Every year there are a couple of lectures devoted to cutting edge topics which are in their infancy in clinical application. For the last several years these presentations have covered topics in the genomics of cardiovascular risk assessment and drug therapy. Dr. H. Robert Superko presented some exciting developments on two novel heart disease genetic variants, KIF6 and 9p21. The fields of cardiovascular genomics and pharmacogenomics are a few years away from direct widespread clinical application, but they’ll soon turn EBM upside down. Gone will be the era of “one size fits all” drug therapy and risk assessments based on population studies. Get ready! (Actually, the era of pharmacogenomics is already here for limited applications. The package insert for warfarin, for example, says:

The lower initiation doses should be considered for patients with certain genetic variations in CYP2C9 and VKORC1 enzymes as well as for elderly and/or debilitated patients and patients ….

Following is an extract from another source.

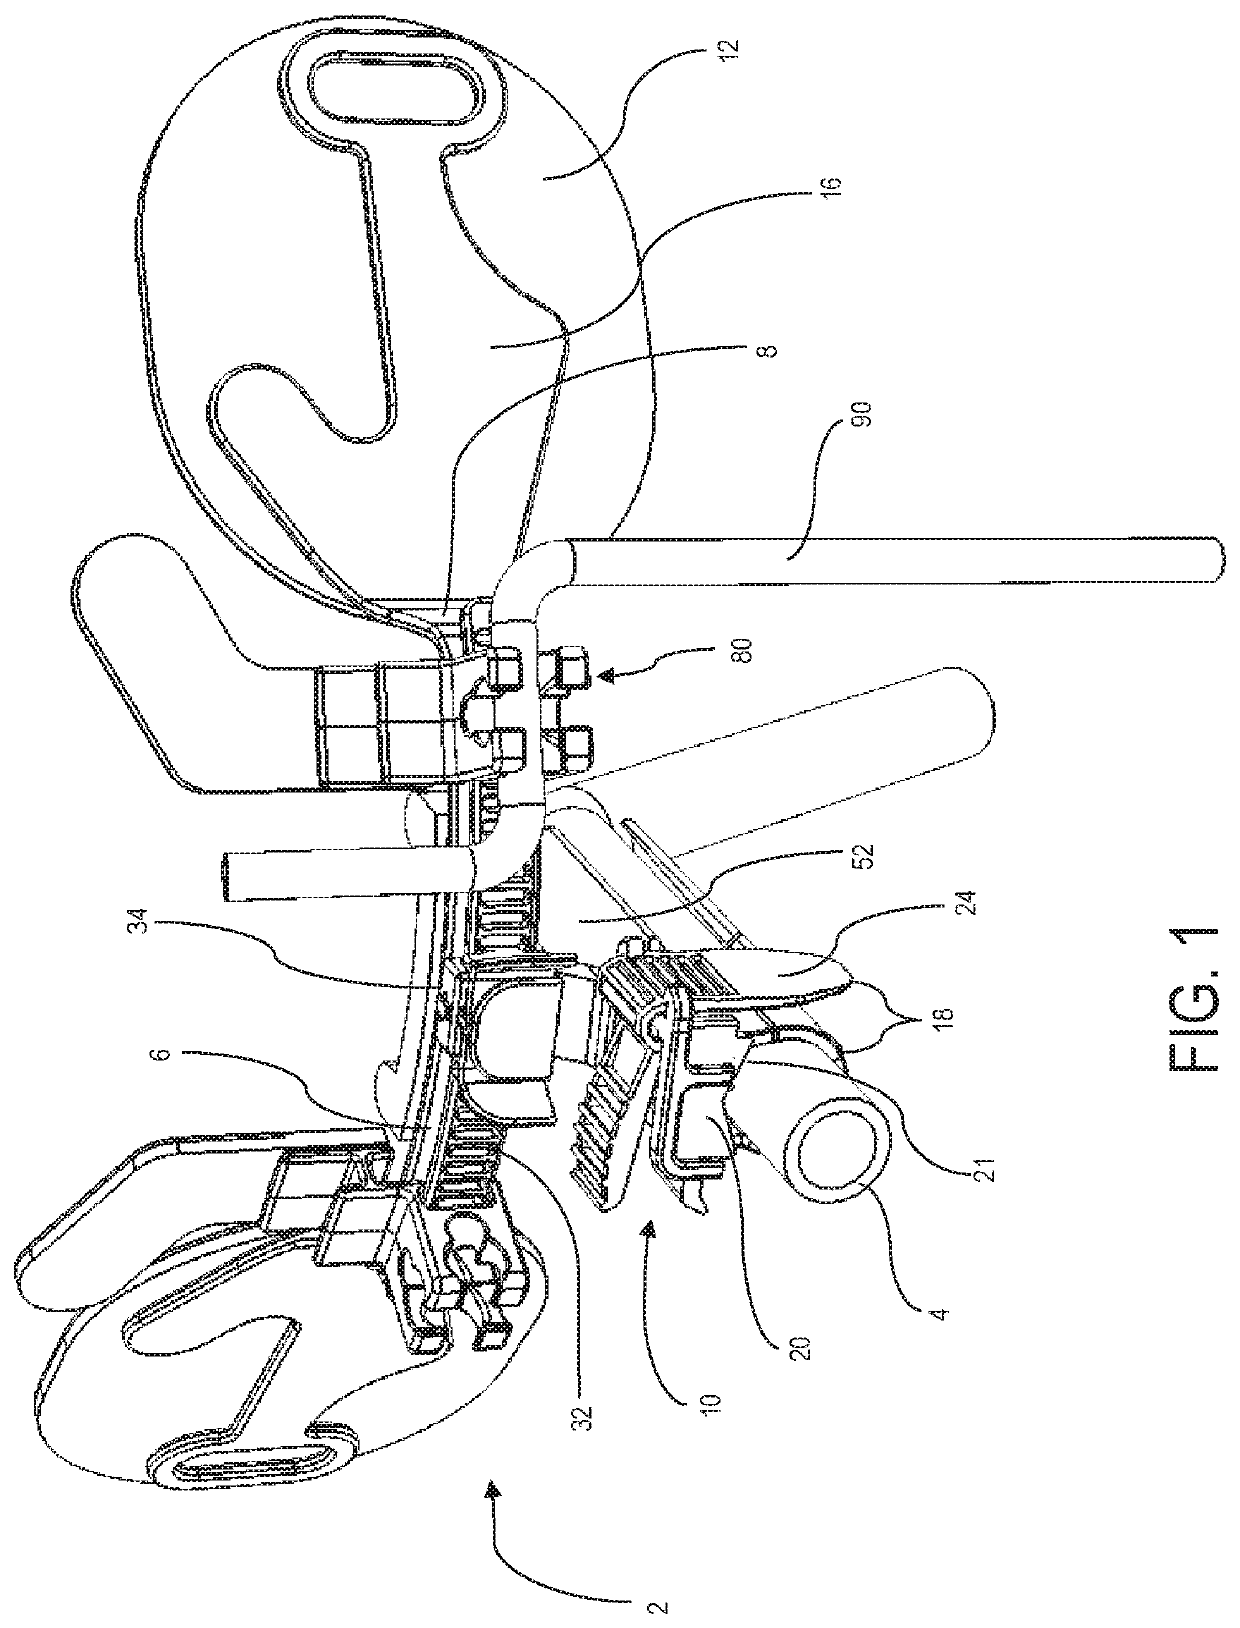 Endotracheal tube holder device

Dr. Gordon Ewy, chief of cardiology at the University of Arizona and pioneer of CPR, gave an update on his research in favor of the “new CPR.” I have blogged about Ewy’s work many times, starting here. Ewy is years ahead of his time in CPR. The guideline writers have been slow to adopt his work. If you’re going to collapse from a heart attack, do it in Arizona!

None of the presentations on day 2 emphasized pharmaceutical products. The content was relevant, scientifically rigorous and free of commercial bias.

I’m flying home tomorrow, and back to a demanding hospitalist schedule Thursday. I’ll blog about day 3 and post some general observations about the conference (along with a few more images from Grand Teton and Yellowstone) in a few days!

Fluconazole prophylaxis

---in non-neutropenic ICU patients who remain febrile despite broad spectrum antibiotics is not beneficial according to this study.

Monday, September 01, 2008

Distinguishing benign from serious causes of back pain

Physical therapy, analgesics and tincture of time may not be the correct approach. This review helps explain how to distinguish benign from serious causes.

Via Cleveland Clinic Journal of Medicine.